It depend on environmental and genetic factors. In developed countries allergen specif IgE is far more associated with allergic symptoms than in developing countries, possibilty because in deleloping countries, people are more exposed to factors that imunomodulate allergy such as helminths, ancient microbiota etc. However in both situation if a particular subject has more genetical susceptibility to develop effector IgE, it will require a minor cut-off of a specif IgE to start a allergic symptoms and this person may have be polysenstized.
Neuza; In developed countries people have much more allergies and the incidence are increasing because they don´t contact early with allergens. So they develop allergy. In undeveloped countries people contact early with allergens so they develop tolerance. Is this more or less ? in which concerns Dermatology the coumtries of the north of Europe have much more atopic dermatitis than the south countries.
Since childhood, people in Europe get contact with polens, which by far are the most important allegens in this Continent. Even though, they are sensitized in early ou late chilldhood and became allergic. So, there is no tolerence to polens in developd countries. It has been reported for allergy to dust mites, that one can develop tolerence when is exposed to acarid allergen since birth. But, in my opinion, this fact is not well studied. From our data, 46 % of children are sensitized for regional allergens. But, much less have clinical manifestation of allergy, so other immnunological phenomena might explain the absence of allergic manifestation in sesnsitized people than tolerance.
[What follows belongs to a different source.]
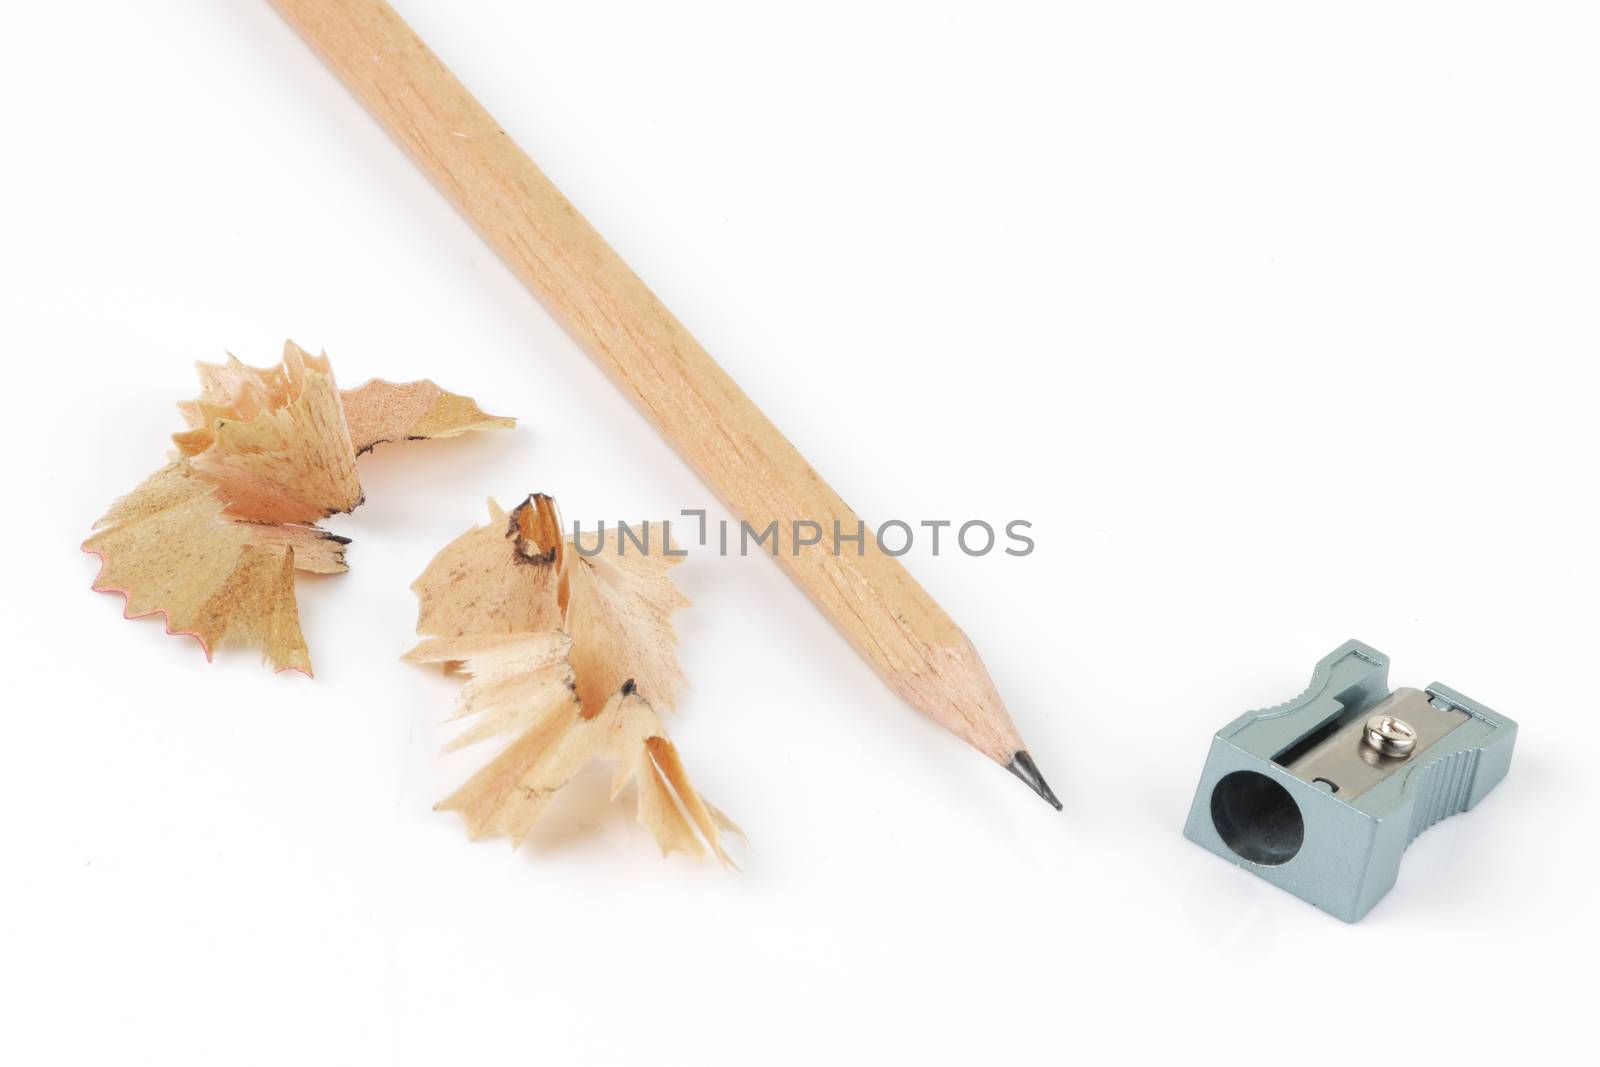 A top view of pencil and sharpener with shavings on white
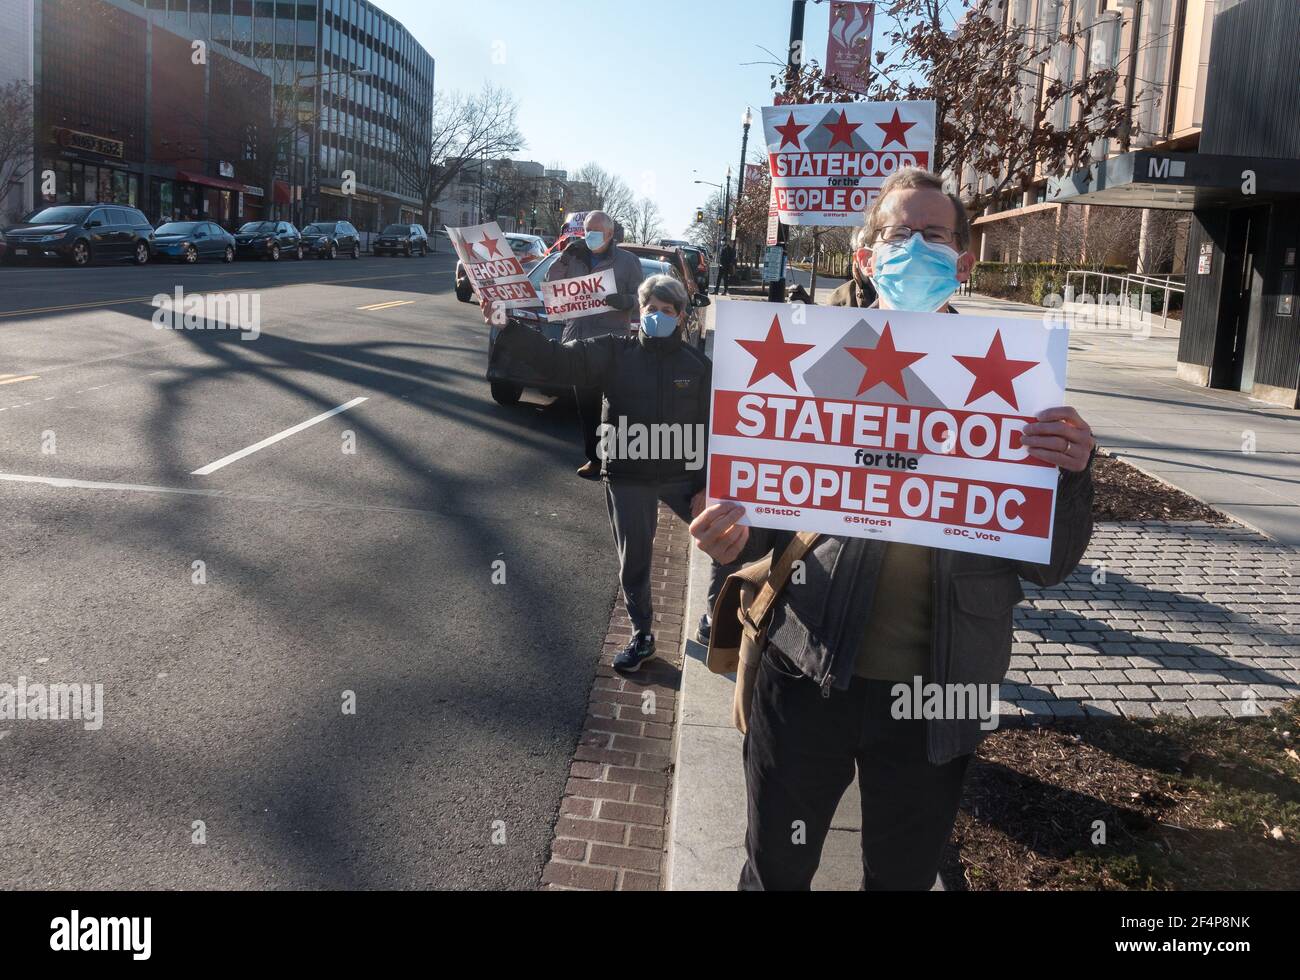 WASHINGTON, DC - MAR. 22, 2021: Residents show support for making DC the 51st state at one of several demonstrations in DC on the day the House of Representatives holds hearing on adding the District of Columbia as the 51st state, something long sought by residents of Washington who do not have voting representation in Congress. Stock Photo

In patients with rhinitis due to house dust mite sensitivity - they can be skin test negative and have negative IgE serology for HDM but be nasal provocation positive and have specific HDM IgE antibodies in the nasal secretion. It is the target organ that is crucial mediator "read out" for diagnosis
Yes, there is a minimal number of IgE requested to induce an allergic reaction: of the total 500,000 to 1,000,000 IgE antibodies present on the mast cell surface, only a threshold number of about 2,000 bridged IgE antibodies are required for degranulation and mediator release. This number of bridges might be possible to accumulate by more than one non-cross-reactive antigen and its corresponding IgE antibody; therefore, patients simultaneously exposed to several antigens experience more symptoms than monosensitized patients as showed by studies of Johansson (Allergy. 2006 Nov;61(11):1366-8).